Air-cooled heat exchanger systems (ACHE) are used widespread in the Oil&Gas, Petrochemical and Power industry where large amounts of heat have to be removed and discharged into the atmosphere. In LNG liquefaction plants they are used for condensing refrigerant gases and the plant productivity are strictly dependent on their performance [2]. Due to the interaction of the environmental conditions (ambient temperature, wind speed and direction) with the ACHE configurations, the heat removal efficiency and, subsequently, the Plant production rate can be severely lowered.
Three mechanisms are deemed responsible for the reduced performance of ACHE systems under windy conditions [2]:
1) Reduction of fan performance.
2) Recirculation of the hot exit air into the air inlet of the Air Cooler.
3) Circulation of hot gases coming from others process units/equipments.
Many international institutions/organizations are developing Test Codes to address the performance of Air Cooled Condensers due to its crucial importance in LNG and Power Plants [3].
Due to the peculiarity of site conditions and the complexity of plant layout, Computational Fluid Dynamic (CFD) modelling appears to be the only tool capable to take into account simultaneously the plant physical details, the heat source emissions and the site-specific ambient conditions [3]. SAIPEM, B.U. Onshore, has recently focused its business on LNG Plants and has planned to face the afore mentioned issues by developing CFD models to represent the whole LNG Plant area subjected to site-specific wind and temperature conditions.

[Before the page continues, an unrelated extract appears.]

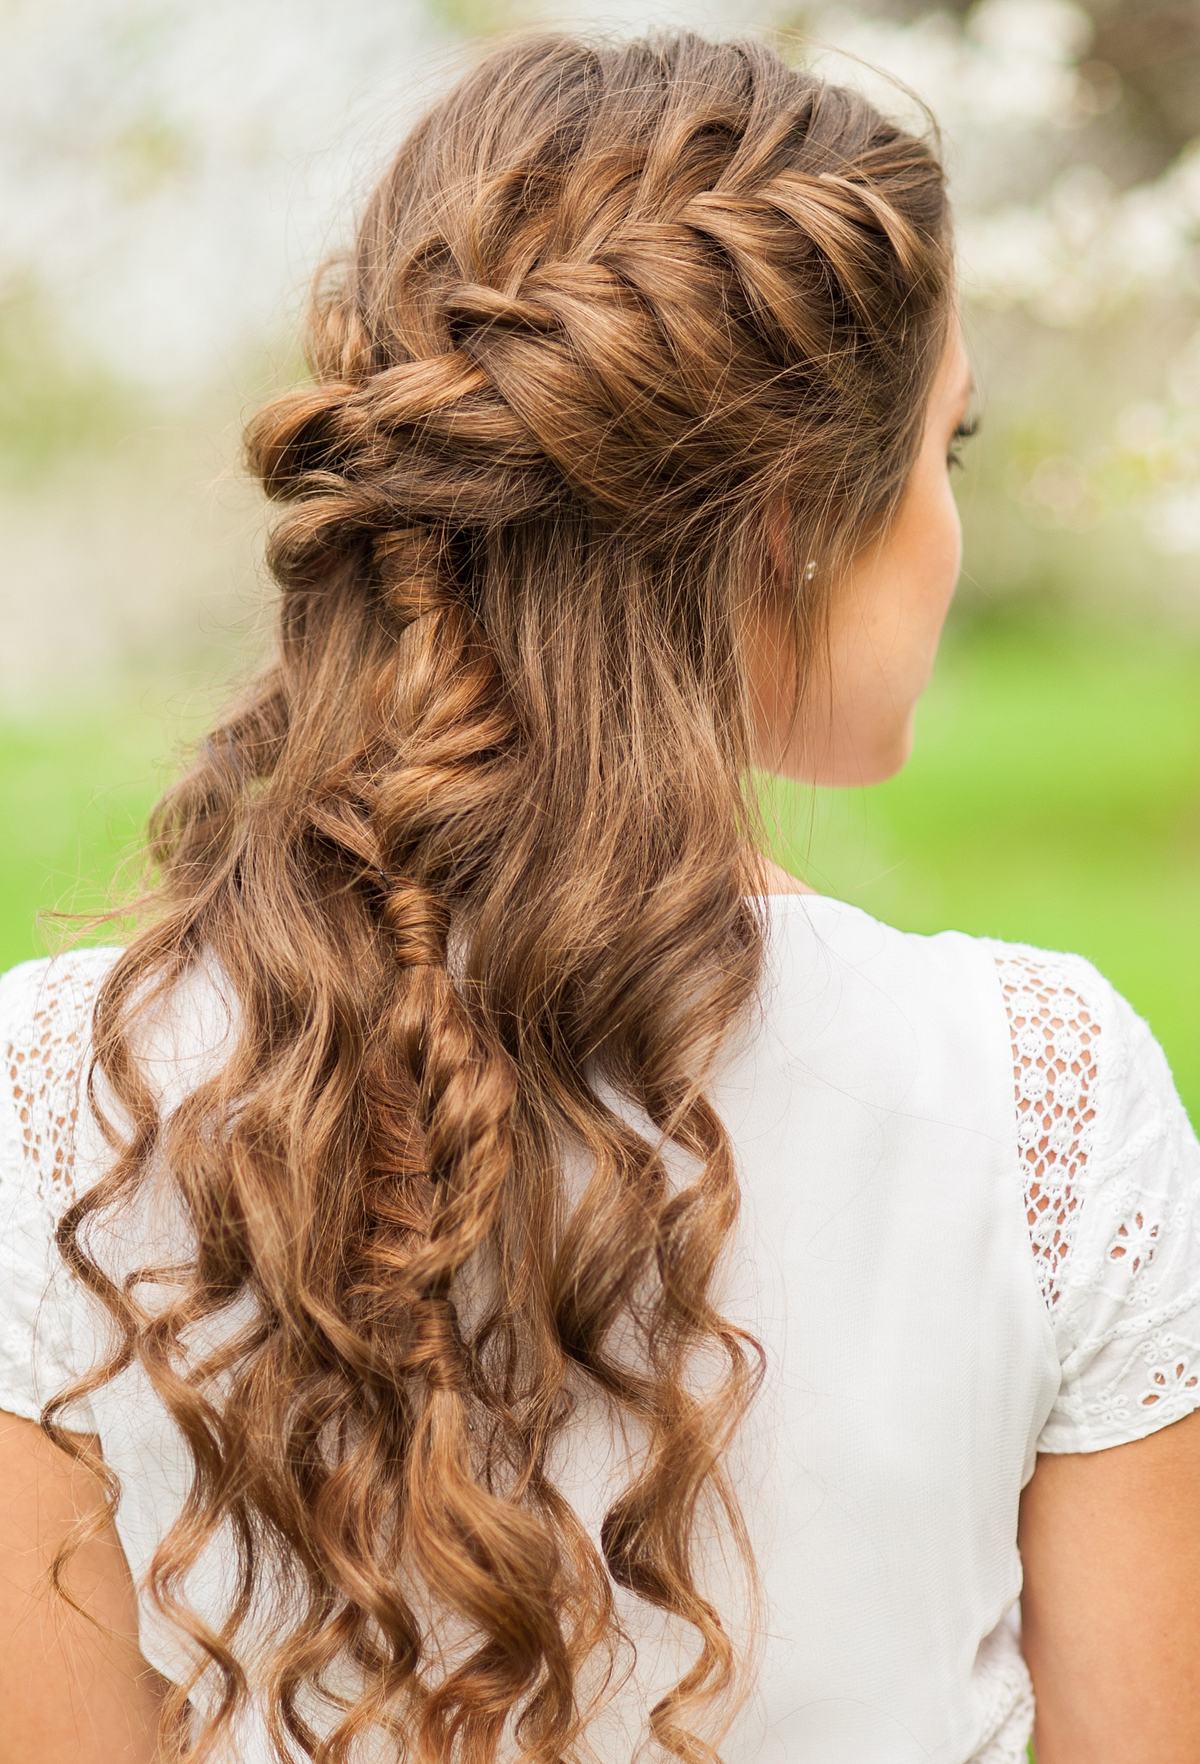 Brautfrisur halboffen: Schöne Styles für jede Haarlänge

The aim is to predict and improve, the effectiveness of the heat removal as a function of different plant configurations and arrangement of ACHE. The model is intended to accomplish this by simulating the wind fluiddynamic all over the plant and, more specifically, how the air circulation is affected by the relative positioning of obstruction structures and by the presence of hot sources (flue-gas emission). This paper describes the used CFD model for a project currently under development. Specific submodels that have been developed to describe the wind induced flow over the plant, the heat exchange through the Air Cooler, etc. are detailed. Particular emphasis is devoted in describing the many hot sources (characterising the real Plant configuration) that have been implemented in the Boundary Conditions of the CFD model. Intermediate results of the application of the model to the project under development and main plant improvements are discussed. Moreover a preliminary evaluation of the model results reliability is provided by comparison with other CFD results available in the literature.
References
[1] V. Mehrotra, J. Berkoe, D. Messersmith, Evaluating Performance of Air-Cooled Heat Exchangers in LNG Plants, Prepared for presentation at the AIChE Spring National Meeting, New Orleans, 2003.
[2] Kröger, D.G., Air Cooled Heat Exchangers and Cooling Towers, PennWell Corporation, Tulsa, OK., U.S.A., 2004.
[3] Zammit K., Air-Cooled Condenser Design, Specification, and Operation Guidelines, Electric Power Research Institute, Technical Report, 2005. |